9 Haziran 2014 Pazartesi

DingilDoğum Günü

     Ablam bulaşıkları yıkarken onun başucunda durup da yarınki matematik ödevimde kitabım olmadığı için uyduruktan orantısız problemler kurgulayıp onları deftere geçirdiğim bir çocukluğum var benim. Hayat bilgisi için de Serda'ya gidip, Türkçe için ise Deniz'in "kaymakamlığa niye başvurmuyonuz siz"liğine katlanan bir çocukluğum. Ablam zeki değildi.

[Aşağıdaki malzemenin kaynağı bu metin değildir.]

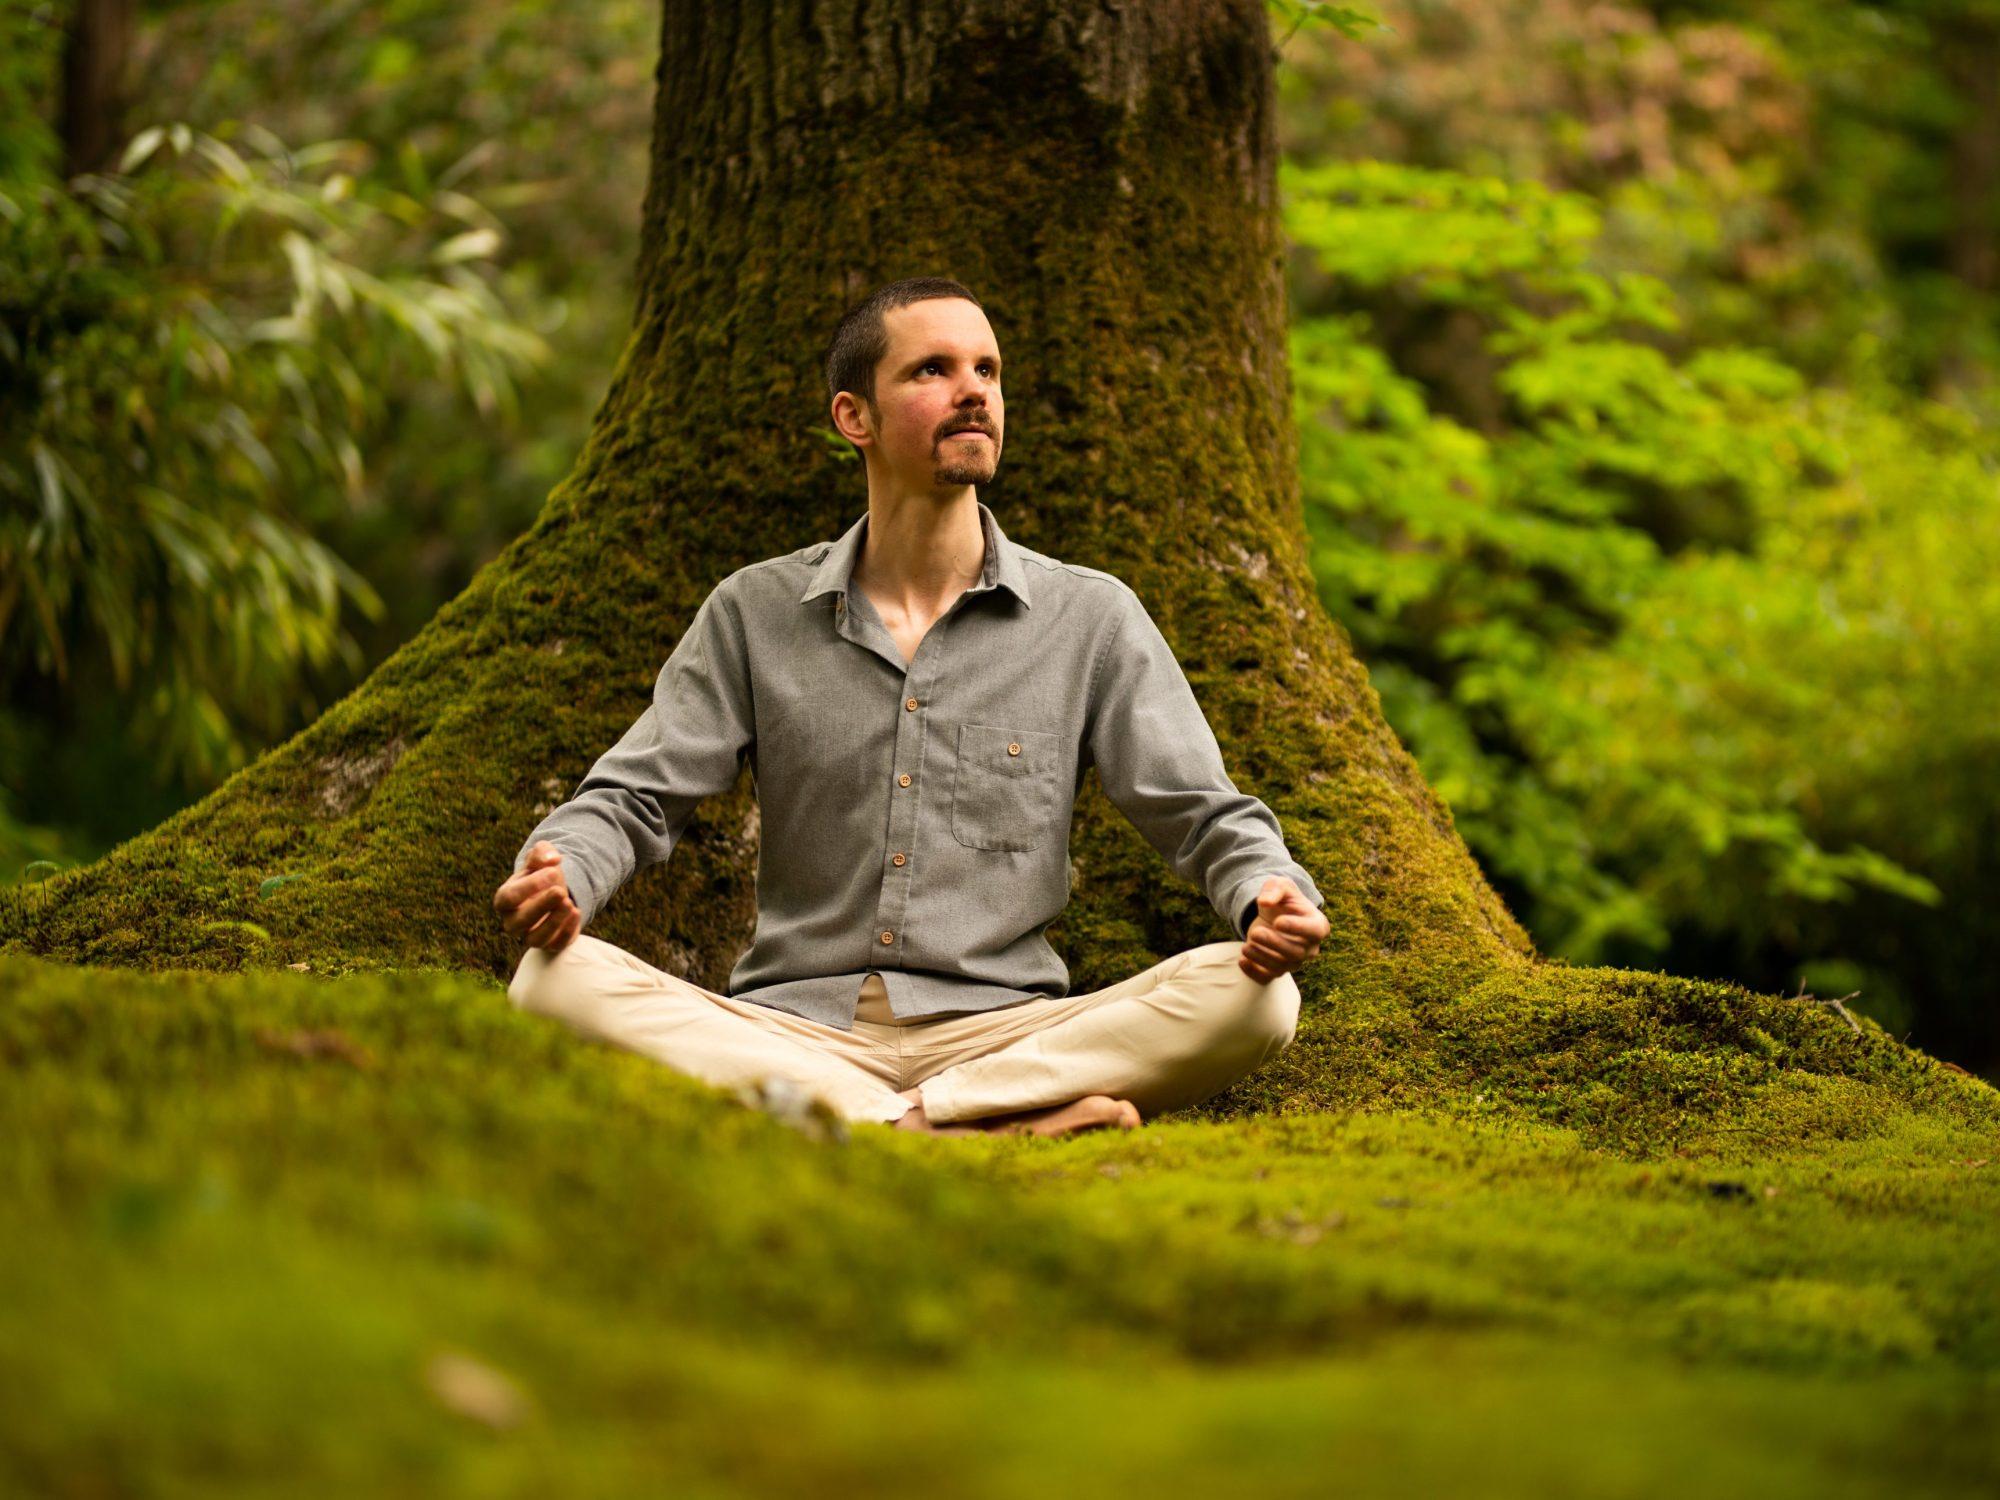 Trainer in meditatiehouding zittend voor een boom: Wat kan mindfulnesstraining je brengen?

Serda'nın babası da ona Arabistan'dan dönmeyeceği anlaşılınca Serda'nın abisi evin reisliği taslayıp beni evine almadı. Deniz'i ben bıraktım. Sonraki sene de kitaplar dağıtıldı zaten. Arkadaşlarım hep sıranın altında bıraktı ertesi günden lazım olacak kitapları. Ben bırakamadım. Kimse nedenini anlamıyordu neden taşıdığımın. ben dahil. Lisede Esma şakalaşırdı taşıdığım için. şimdi anladım. 

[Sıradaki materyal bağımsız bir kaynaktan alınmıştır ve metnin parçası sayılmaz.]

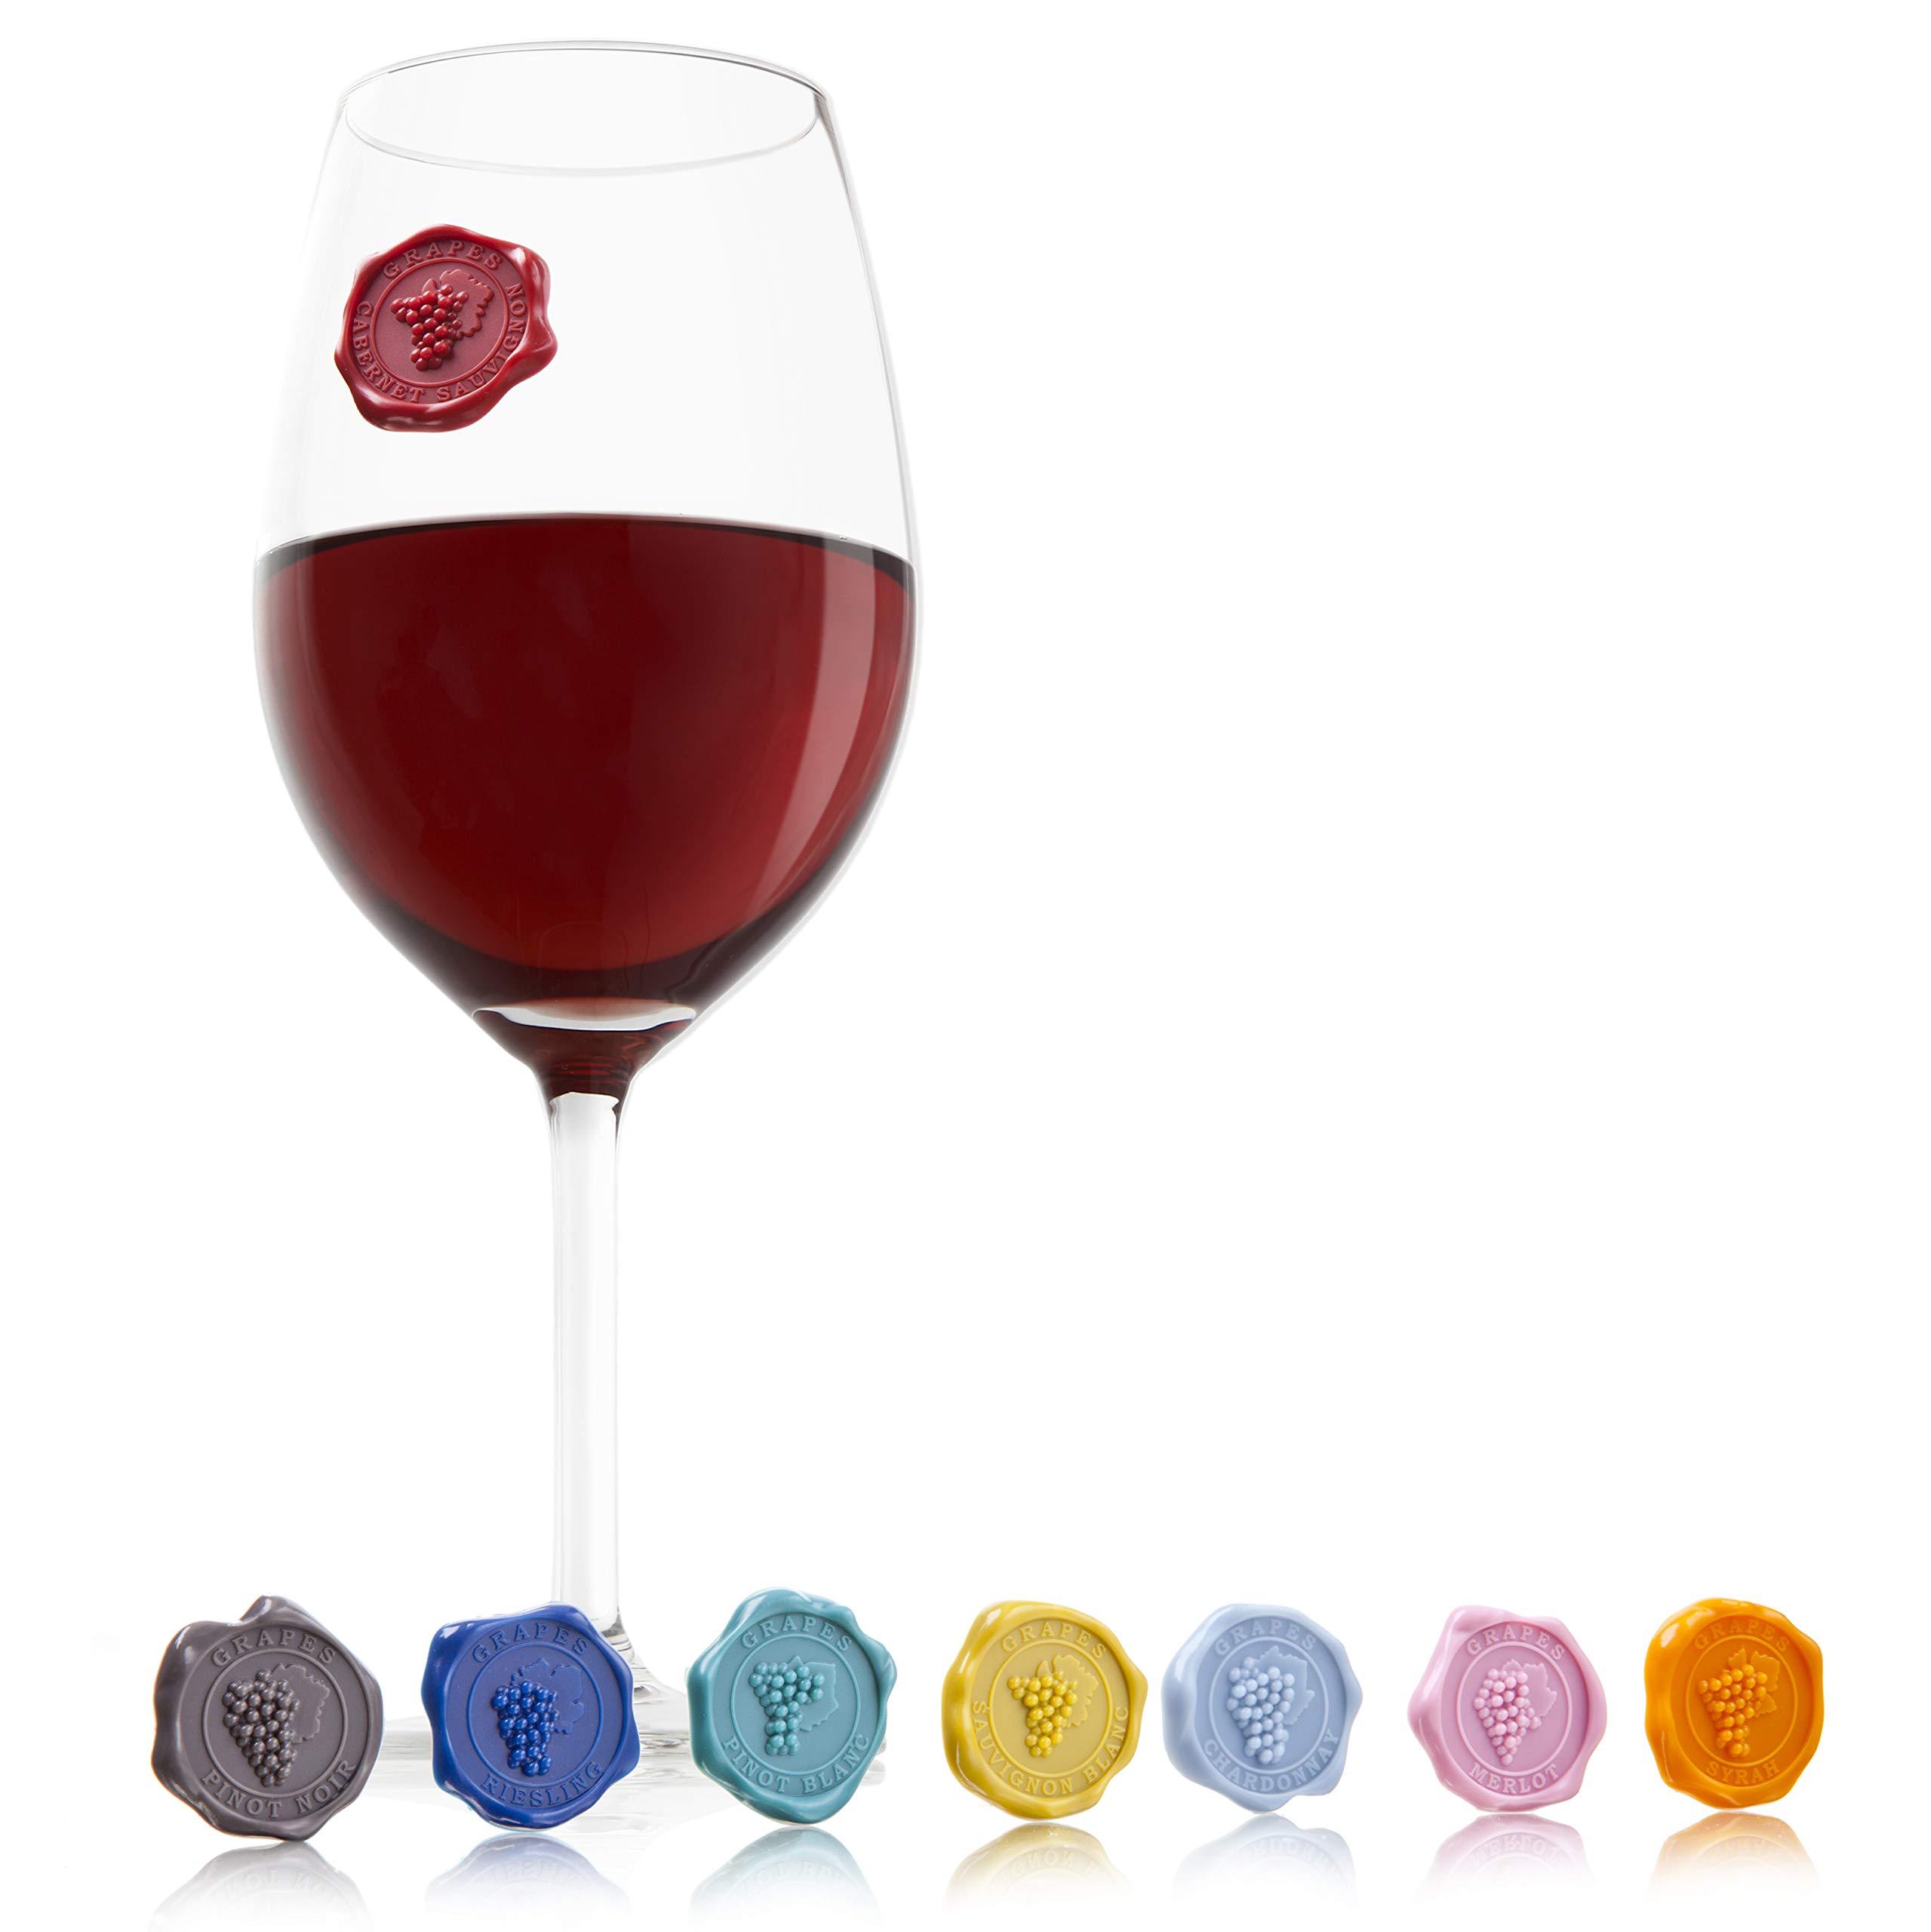 Compra Vacu Vin Marcadores de Copas, Silicona, 145x202x16 en Amazon.es

     Ablam yaz kızım oldu. bulaşık yıkarken yanında durmayacaktım, arada köpük sıçramayacaktı, taşan lavaboya küfür edemeyecekti, anneme bağıramayacaktı. Yorgun argın geldi eve üç aydır. Üç ay sonra evlendi bir yavşakla. Kurtulacaktım halbuki. İlkokulda kitap kabusum lisede "halk otobüsü" koşuşturmama dönüşmüştü. Ablam servis paramı verip, her gün önce metrelerce yürüdüğüm - bazen koştuğum - sonra tıkış tıkış bindiğim demirçelik işçileriyle beraber s.klerini bana sürtmelerinden kurtulacaktım eğer o yavşakla evlenmeseydi. Aç kalmalarımı, orospu çocuğu şişko sağlık meslek lisesi müdürünün çocuğu Fatih'in ağzımın açlıktan kokmasını şikayet etmelerini, Cuma'yla - ah seni çok özlüyorum Cuma, çok - peynir ekmek sulu limon içmelerimi saymayayım bile. Cuma şikayet etmezdi hiç. Zeki insanlar şikayet etmezdi. Zeki olmayanlar yavşaklarla evlenirdi. Ben peynir ekmek getirmezdim. Ouz'a çökerdim. Hem de beyaz müzikçalarına da. geceleri de babamın bira için bakkal Seyfettin'e gönderdiği yollarda Ouz'u düşünürdüm. 

      Ablam başbakanı dinledi üç çocuk yaptı. Ben de üniversiteyi kazandım. Bedenimi tanıdım. Korkunç parasızdım ve bu sefer ablamın beni kurtaracak ümidi bile yoktu. Çırılçıplaktım. İlk sınıfta tanıdım bu yazıya konu olan çocuğu. Ablamla bulaşık yıkayıp matematik ödevlerime uyduruk problemler kurgularken o Çermik'te öğretmen lisesi'nde porno dergilerine bakıp ergenliğini doyuruyordu. 

     Ouz'a benziyordu. Beyaz müzikçaları, iyi giyimli haliyle değil, üstü yağmalanmış bir Ouz bu. Gözleri o kadar masum ki ağzımın kokusunu duymuyordum. Ulucanlar'da sarhoşlara meydan okuyan pislik bir evde düşsel oyunlar geliştirdim ona. Çok aşıktım, o benim olmayan tanrımdı.
Tanrı yoktu. Kaymakamlığa başvurup, fakirlik belgesi almamız gerekirdi tanrının yokluğu için. 

   Ben artık kimse aç kokmasın diye bir halka inanıp ablamın kurtamadığı beni o halkı kurtararak diyet ödeyecektim. Ouz'a benzeyen dingil eğer rahatına düşkün olmayıp dünyayı dar edecek kadar heybetli olduğuna inansaydı eğer. Ben inanmıştım. Sincan'da cezaevinde yatan kuzeni de inanmıştı. 

    Cuma zekiydi. Ablam ve dingil zeki değillerdi. Ablam malum. Dingil de social worker olduktan sonra Araba alıp Sincan'daki kuzenini çatlatıp, otel lobilerinde verilen s.kten bakanlık eğitimlerinde tayin işlerini tartışır oldu. 

    Bugün ayçiçeklerin güneşe döndükleri gün. onun doğum günü. beni evden kovalı 1. yılı. onu tanıdığımın 6. yılı. 
     
    onun ise 27. yılı. Ama bir Kurt Cobain değil.